Кожемякин почувствовал себя легко и свободно и говорил попадье:
- У меня, изволите видеть, жила в прошлом годе одна женщина, госпожа Евгения Петровна Мансурова...
- Мансурова? Ба! - вскричал дядя. - Это, батенька мой, знакомое лицо, - помнишь, Анна, Сысоеву? Это она! Во-от что... Я же её видел месяца два тому назад!..
Он пристально поглядел в лицо Кожемякина, собрал бороду в кулак, поднял её ко рту и, пустив клуб дыма, сказал сквозь дымящиеся волосы:
- Ушиб её ваш городок!
- Да? - тихо спросил Матвей Савельев. - Как это?
- Так, - по голове. Раньше она всё мечтала о геройской жизни, о великих делах, а теперь, согласно со многими, утверждает, - даже кричит, - что наше-де время - не время великих дел и все должны войти в простую жизнь, посеять себя вот в таких городах!
- Воротится? - с робкой надеждой воскликнул Кожемякин.
- Сюда? Нет, не воротится...
Дядя Марк уставился в лицо Кожемякина светлыми глазами и, качая лысой головой, повторил:
- Не воротится! Насчёт посева своей души на непаханной почве - это слова слабого давления! Все люди на Руси, батенька мой, хотят жить так, чтобы получать как можно больше удовольствия, затрачивая как можно менее труда. Это - от востока дано в плоть нам, - стремление к удовольствиям без затраты усилий, пагубнейшее стремление! Вот поп как раз очень предан защите оного...
- Дядя! - просительно и негромко воскликнула попадья.

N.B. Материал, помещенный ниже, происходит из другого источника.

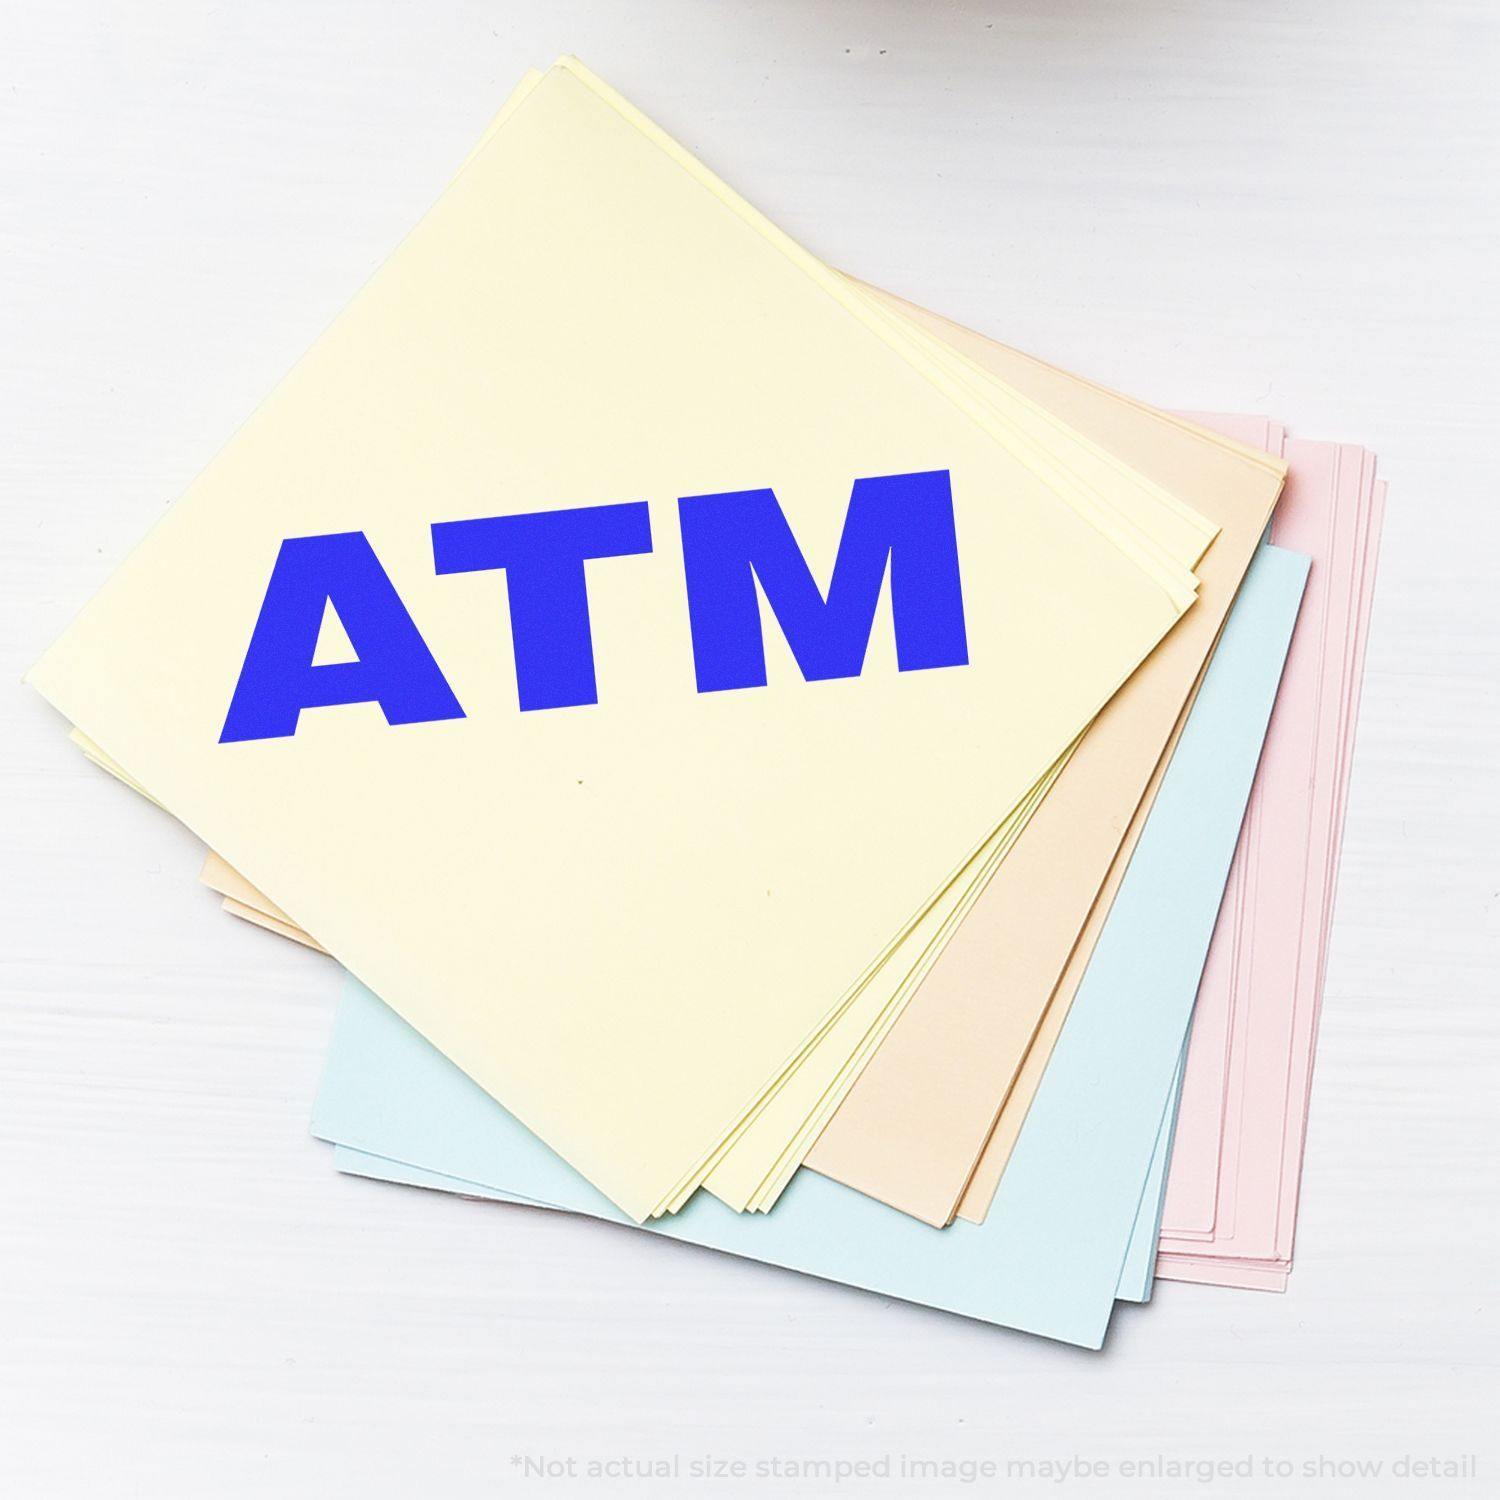 A self-inking stamp with a stamped image showing how the text "ATM" is displayed after stamping.

Дядя Марк снова зашагал по комнате, веско и упрямо говоря:
- Никогда и ничего доброго не будет у нас, если мы не научимся находить удовольствие в труде. Не устроишь жизни, в которой удовольствия преобладали бы, ибо жизнь по существу своему - деяние, а у нас самый смысл деяний подвергается сомнению. Это следует наименовать глупостью и даже свинством! Ибо, унаследовав великие труды людей прошлого, многострадальных предков наших, живя на крови и костях их, мы, пользуясь всем прекрасным, ничего не хотим делать к умножению его ни для себя, ни для потомков наших - это свободно может быть названо поведением свиньи под дубом вековым, говорю я и - буду говорить!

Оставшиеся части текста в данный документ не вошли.